Celgene Cellular Therapeutics (CCT), a branch of Celgene Corporation (NASDAQ: CELG), announced recently the development of a clinical application of stem cells derived from human placenta (HPDSCs) for use in hematopoietic reconstitution therapies. This important hallmark in the road to achieve therapeutic use of human plancenta stem cells occurred at the LSU Health Sciences Center Children’s Hospital (LSU) on March 28, 2008. The transplant was scheduled to treat a pediatric patient with Acute Lymphoblastic Leukemia (ALL). This is a cancer of the bone marrow and blood. When the patient’s sibling was born in December 2007, human placental stem cells, along with cord blood, were collected and cryo-preserved and both products were used in the transplant.

CCT employs proprietary technologies for collecting, processing, and storing human plancenta-derived stem cells. This versatile kind of stem cells have a strong potential for developing therapeutic applications in, for example, leukemia and other hematological malignancies, solid tumor cancers, and autoimmune diseases. The company is also conducting research on other types of stem cells derived from the placenta that are obtained via additional proprietary methodologies.

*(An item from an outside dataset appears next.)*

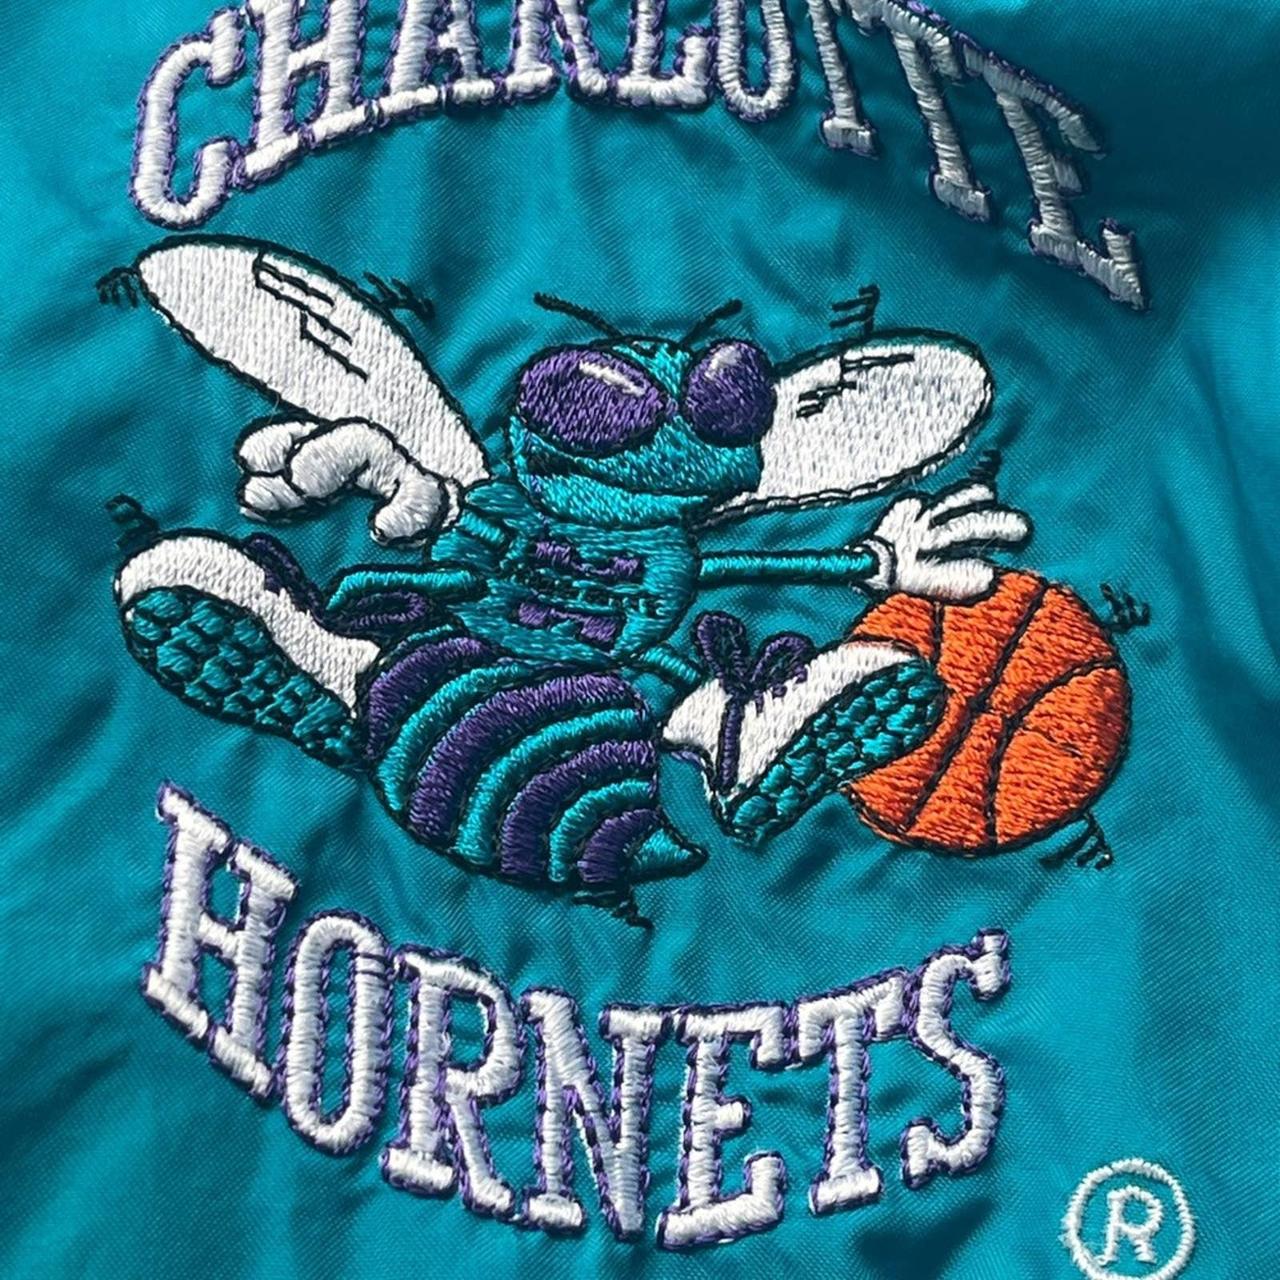 1990's Charlotte Hornets Starter Jacket. Snap - Depop

The transplant, which is part of a multicenter clinical trial being conducted at LSU, together with other institutions, is using stem cells from placenta for patients with certain disorders including cancers and non-malignancies. The primary goal of theis study is to assess the safety of transplantation of umbilical cord blood boosted with placental stem cells from the same donor, There is also a secondary objective, which is assessing potential restoration of normal hematopoiesis and immune function with this combination of cells. The plan of the trial includes careful monitoring post-transplant for up to 24 months to monitor safety outcomes, engraftment, and survival.

“The patient is doing extremely well and, in fact, was discharged from the hospital one-to-two weeks earlier compared to traditional cord blood transplants,” said Lolie C. Yu, M.D., Professor of Pediatrics, Division Chief of the Pediatric Heme-Onc Program, Director of the BMT Program at LSUHSC/Children’s Hospital. “Neutrophil engraftment occurred earlier than anticipated in this proof-of-principle study further raising our hopes regarding the benefits of this treatment.”

Numerous professionals agree that there is considerable anticipation around the potential of placental stem cells. Another study by researchers from UCLA published earlier this year declared that blood-forming stem cells originate in the placenta in laboratory animals.

“We are excited to advance our study of the placenta as a source of stem cells that have the ability to effectively treat patients worldwide,” said Robert Hariri, M.D., Ph.D., CEO of Celgene Cellular Therapeutics. “We are pleased with this first positive step in our effort to bring this cutting-edge therapy to the clinic to treat sufferers with a variety of devastating diseases.”

“For the first time, we are transplanting human placenta-derived stem cells to treat patients with a variety of cancers and non-malignant diseases,” said Mitchell Cairo, M.D., who leads the clinical trial at Morgan Stanley Children’s Hospital and Columbia University Medical Center, and is Chief of the Pediatric Blood and Marrow Transplantation Division at Morgan Stanley Children’s Hospital of NewYork-Presbyterian and Professor of Pediatrics, Medicine and Pathology at Columbia University College of Physicians and Surgeons. “Our hope is that HPDSCs, in conjunction with cord blood stem cells, will expedite engraftment and improve treatment for patients.”